(Listed entries Opens)
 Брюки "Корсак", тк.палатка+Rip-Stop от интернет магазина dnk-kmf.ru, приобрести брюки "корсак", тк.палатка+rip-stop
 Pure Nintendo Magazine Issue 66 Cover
(Listed entries Closes)
(Listed entries Opens)
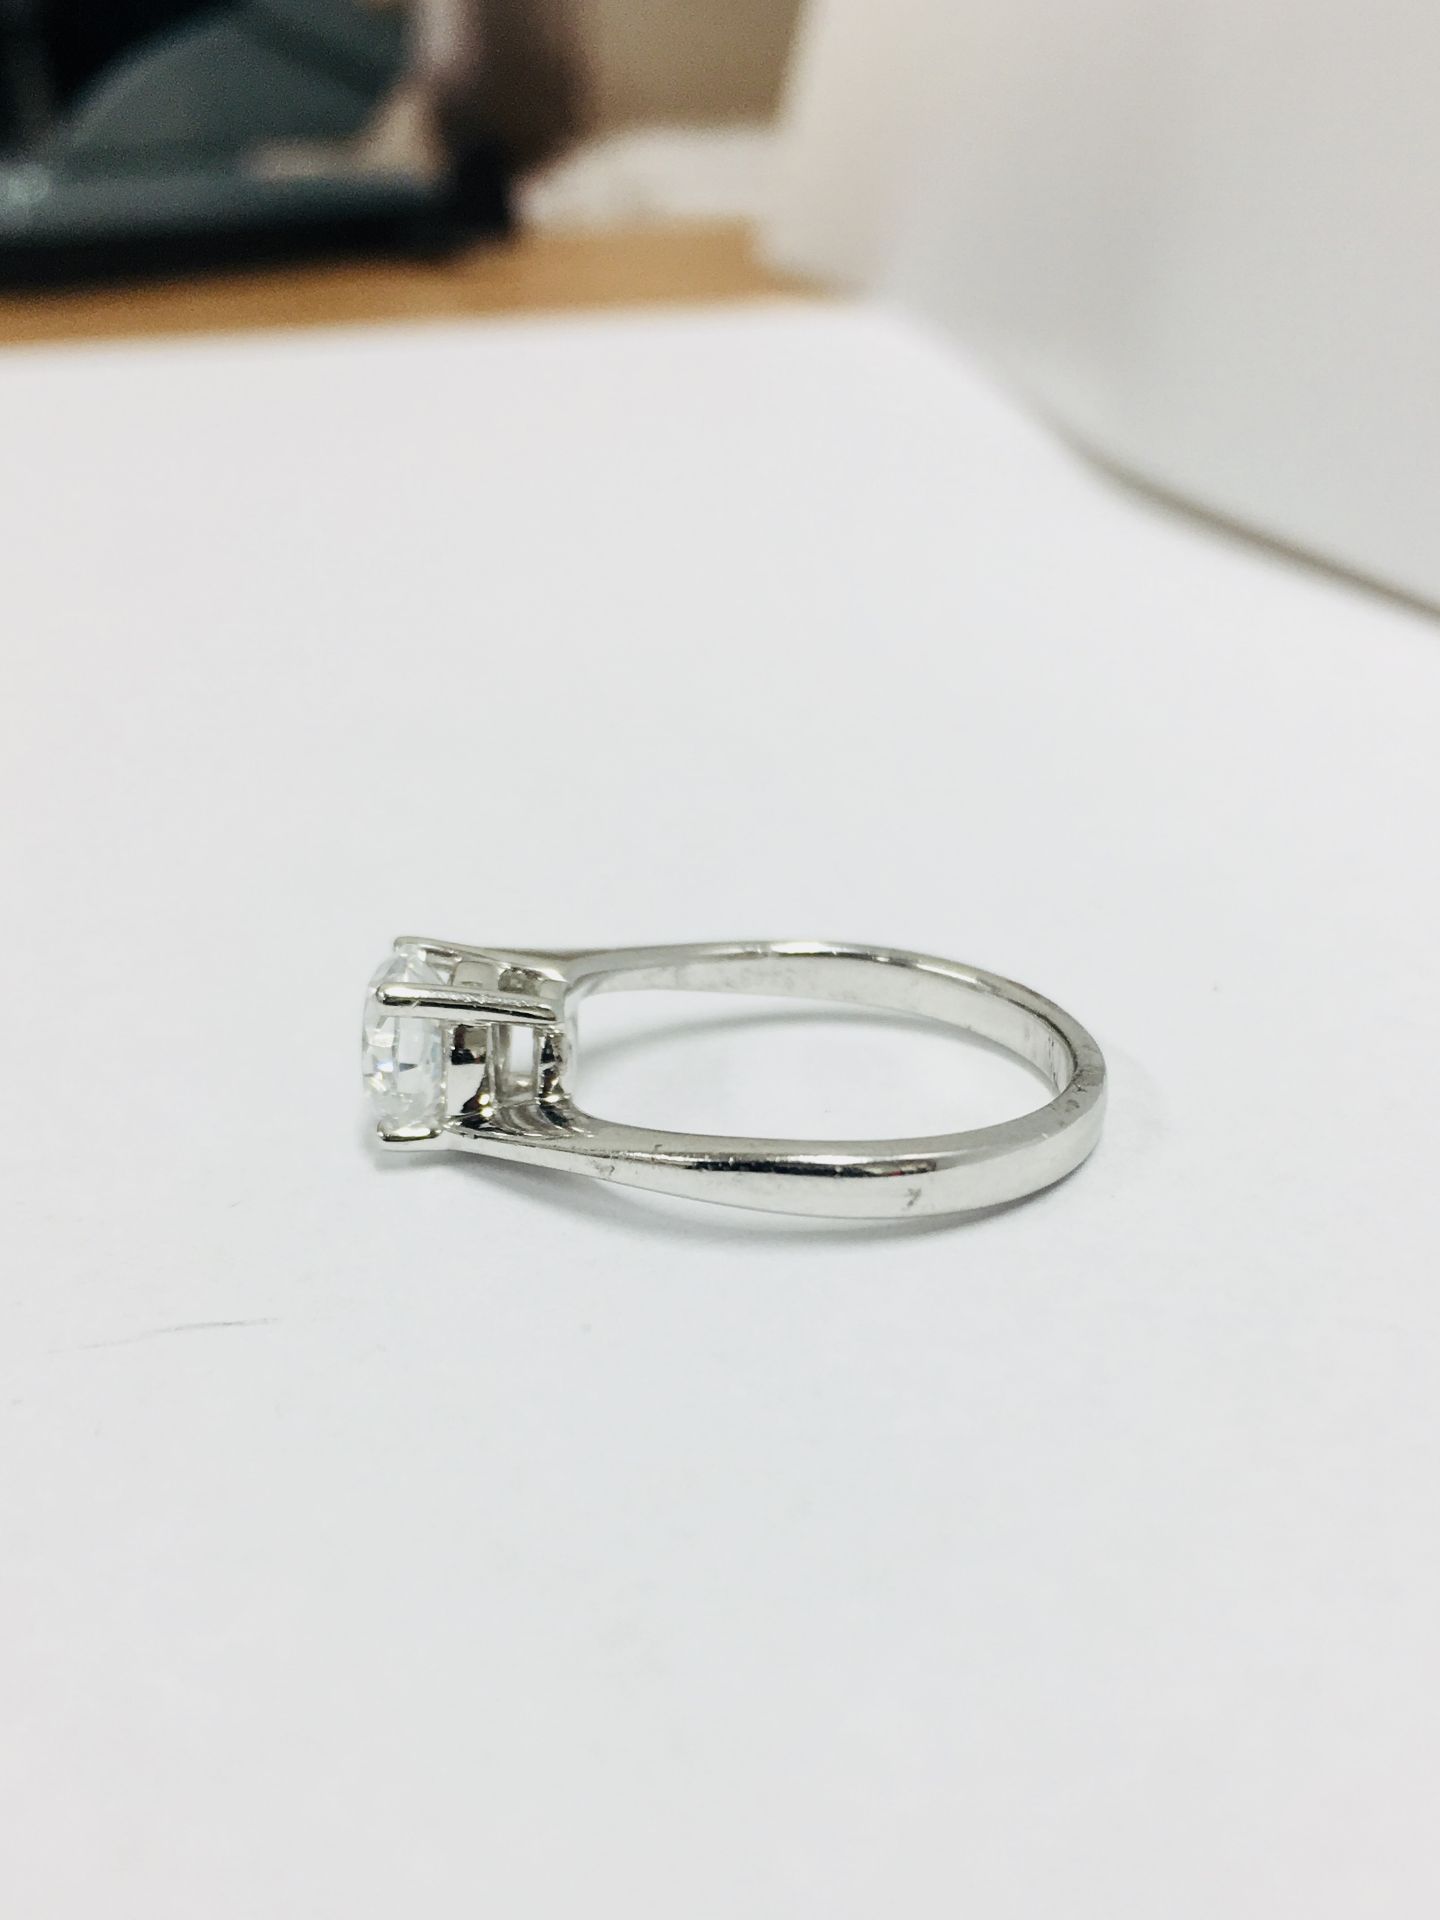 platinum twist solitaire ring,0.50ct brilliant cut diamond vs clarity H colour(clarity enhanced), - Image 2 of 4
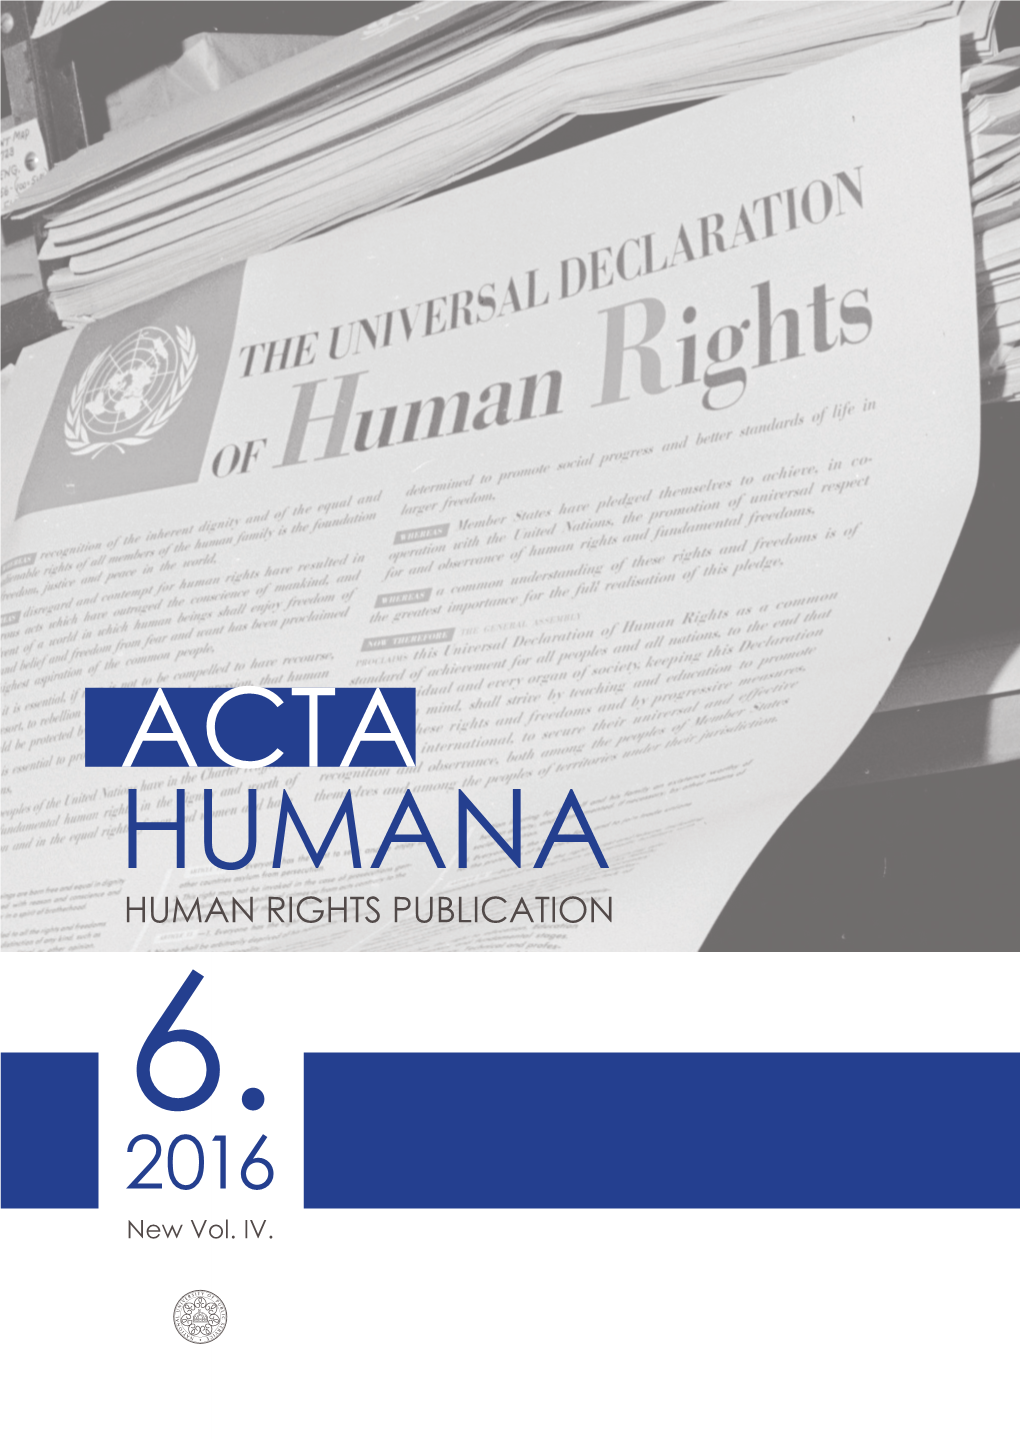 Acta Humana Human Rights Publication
(Listed entries Closes)
In the listing above, find the line with "тк.палатка+Rip-Stop от интернет" and the line with "Pure Nintendo Magazine Issue 66 Cover", then reproduce both and every line between them exactly.

 Брюки "Корсак", тк.палатка+Rip-Stop от интернет магазина dnk-kmf.ru, приобрести брюки "корсак", тк.палатка+rip-stop
 Pure Nintendo Magazine Issue 66 Cover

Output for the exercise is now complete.